In its own 2017 housing report, Zillow Group noted that Generation Z (age 18-22) and millennials (23-37) generally rely more on online resources to help find rentals and make location decisions. Gen Z is particularly picky about the type of utilities that are in their units - for instance, gas or electric - and are also more likely to require or desire that a rental unit comes unfurnished - a sign that they have yet to accrue the furniture necessary to fill a home.

Younger consumers are generally more interested in apartment living than older cohorts, though more than half still desire to eventually own a home.

Those younger renters will have an increasing impact in coming years. In its recent multifamily investment outlook, Marcus & Millichap noted those 80 million millennials are now pushing into their late 20s and “may be showing independence.”

Last year saw a reversal of a trend that had existed since the recession, in which the percentage of young adults living with their parents had been increasing dramatically on an annual basis.

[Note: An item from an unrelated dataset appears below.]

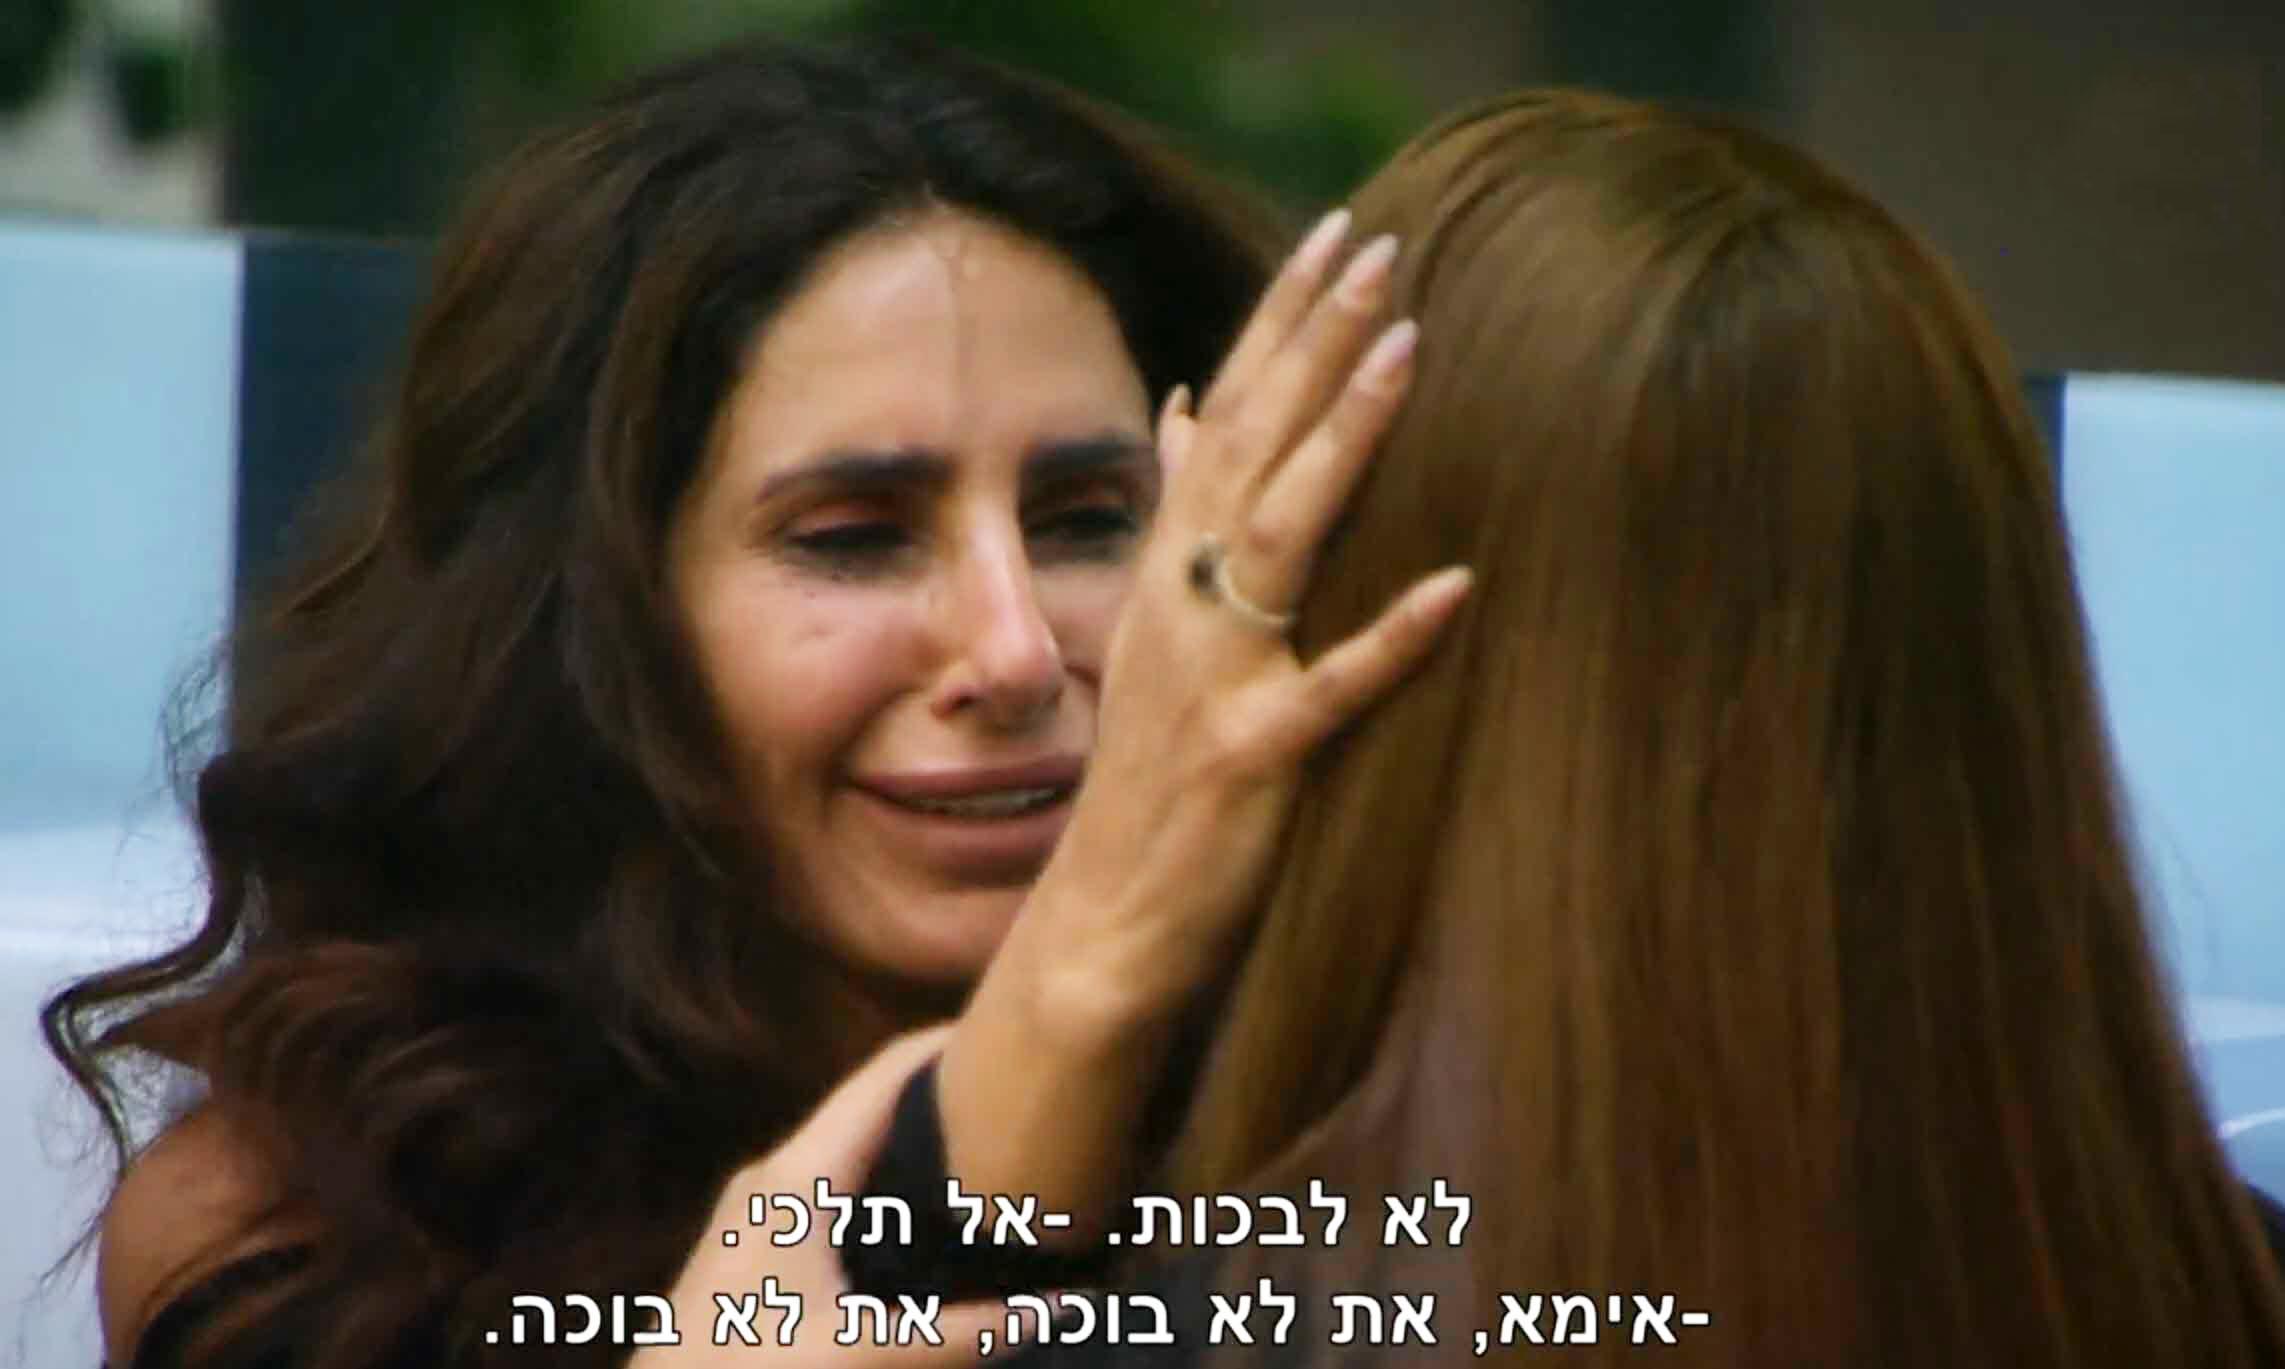 הבכי גנטי: אלין כהן חושפת מה גרם לה להישבר וכמעט לעזוב את המקצוע!

“Should the share of young adults living with family recede toward the long-term average, an additional 3 million young adults would need housing,” the Marcus report said.

At the other end of the age spectrum, consulting firm PwC recently reported survey results indicating senior apartments continue to garner growing attention from investors and developers.

This is the result of “enticing demographics,” as the oldest boomers reach 80 in 2026 and seek out new housing options. Starting in 2017 and accelerating at least through 2025, PwC anticipates upward demand trends as the segment of those age 82 to 86 - the dominant driver for assisted living and independent living units - is set to grow 29 percent, to 6.6 million.

At the Apartmentalize session on supply constraints, Norman Miller, professor of real estate finance at University of San Diego, said other demographic factors to watch in coming years include expected annual increases in net immigration into the U.S., which has recently dipped but is expected to outstrip growth rates in the non-immigrant population by 2030.

Also, U.S. home ownership rates show no signs of reversing a longtime decline, with prices rising and the overall supply of moderate-priced housing not meeting demand.

“The home ownership rate is not going to go up, it’s going to go down over the next couple of years, which puts even more pressure on rental housing units,” Miller said.